Does anyone know if this is going to work?
Or is it just one year of calculus?
Going to take the so-called “short” calculus like Socialstudy/Lifescience Calculus along with generic Statistics class.
Some schools don’t require mathematics. However, top med schools like Harvard, Hopkins, UCLA David Geffen require mathematics.
Such schools are:
http://hms.harvard.edu/departments/admissions/applying/requirements-admission
http://medschool.ucla.edu/apply-prerequisites
http://www.hopkinsmedicine.org/som/admissions/md/application_process/prerequisites_requirements.html
Thank you very much!
You need statistics. Statistics questions are included in all sections of the MCAT.
Plus a number of medicals schools “strongly recommend” or require a stats class for admission.
You will take statistics again in med school–and (according to both my Ds), the individuals who struggle most with this are the one who never had a stats class in undergrad. Stats in med school proceeds at a very rapid pace.
I am going to take Stats!
There is one stats class in schedule ahead for me.
Thank you very much for your advice
Calculus for Life Sciences + Biostatistics (or basic stats/stats applied to the life sciences) are necessary to do well on the MCAT and form the “1 year of math” requirement. Do not take “Stats for Business”, not only because the examples aren’t relevant, but also because the types of stats you study aren’t the ones you’ll need in med school.
It’s a generic Stats course. There isn’t biostats provided at my college
However, there is Business Stats available, but I won’ take that course.
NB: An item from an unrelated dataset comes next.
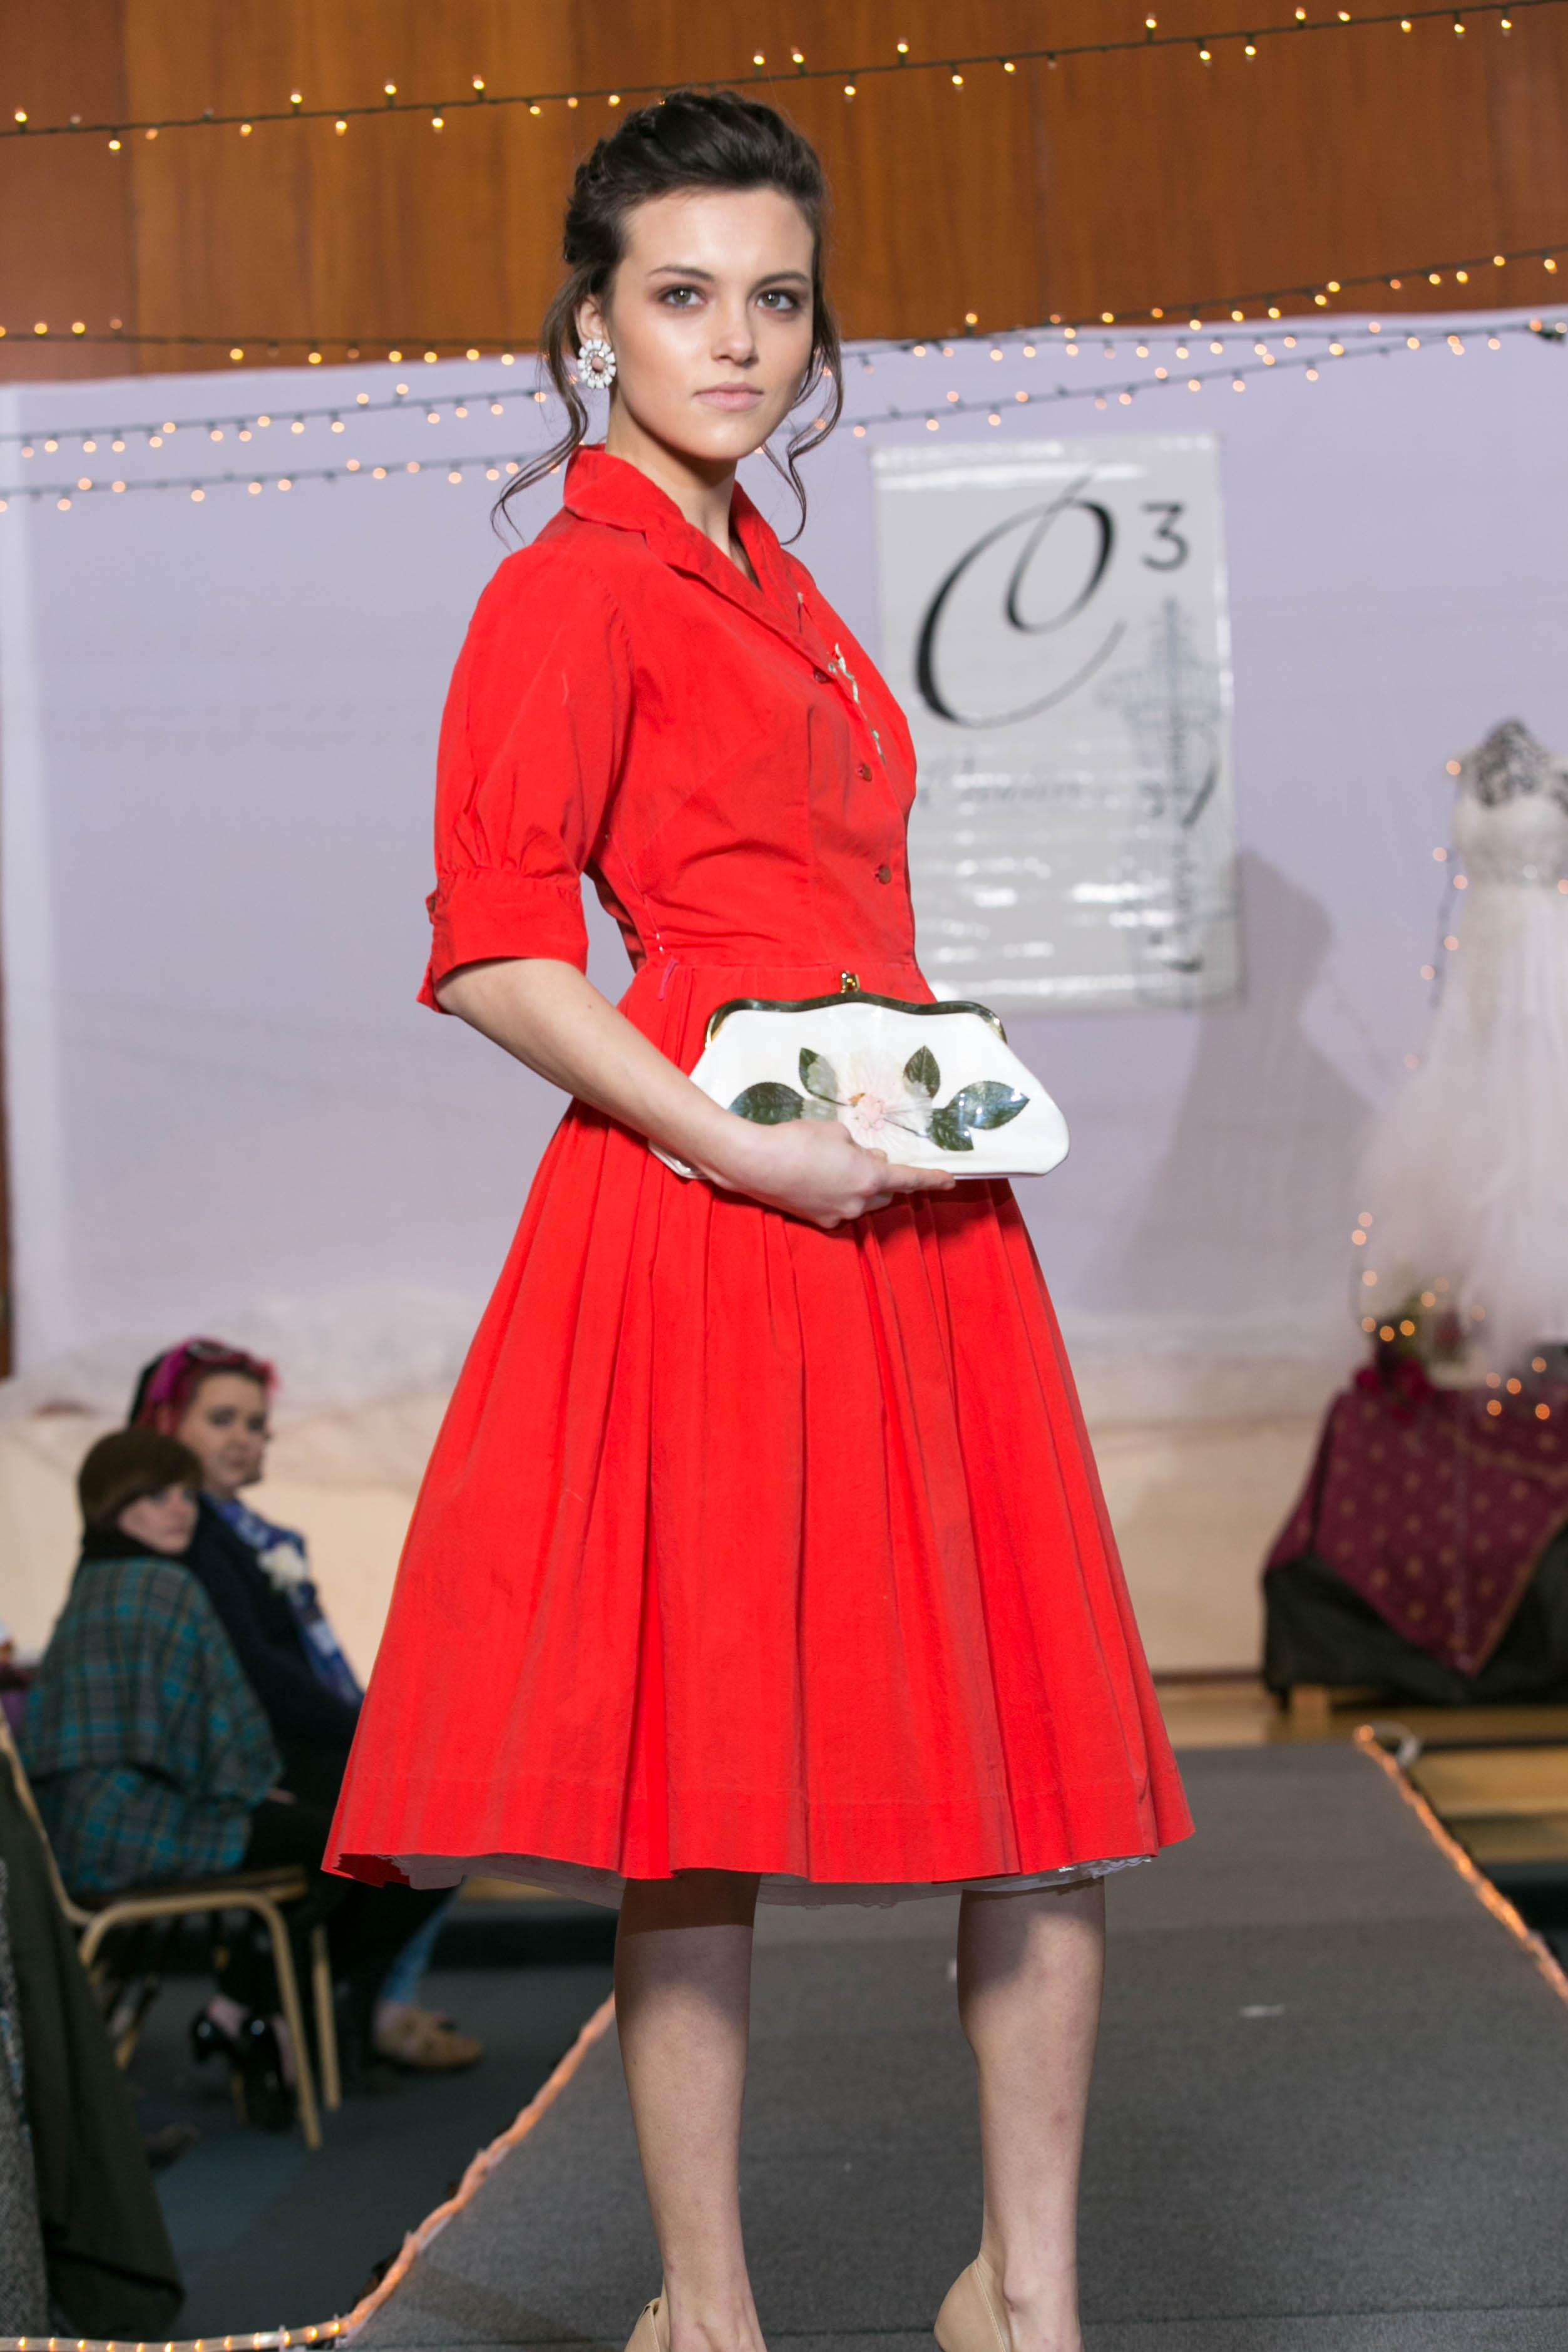 50s rockabilly red dress flower bag

Very few med schools explicitly require calc 2. So one semester of calc and one semester of statistics should work for most schools.
However, if you wish to use AP credit to completely take care of the requirement, that is not necessarily going to suffice. Med schools would typically like to see a college letter grade for any discipline where AP credit was received.
@umcoe16 Thank you very much, hopefully, I will try to take one semester of short Calculus (for Life Science/Social Science) or just conventional Calculus.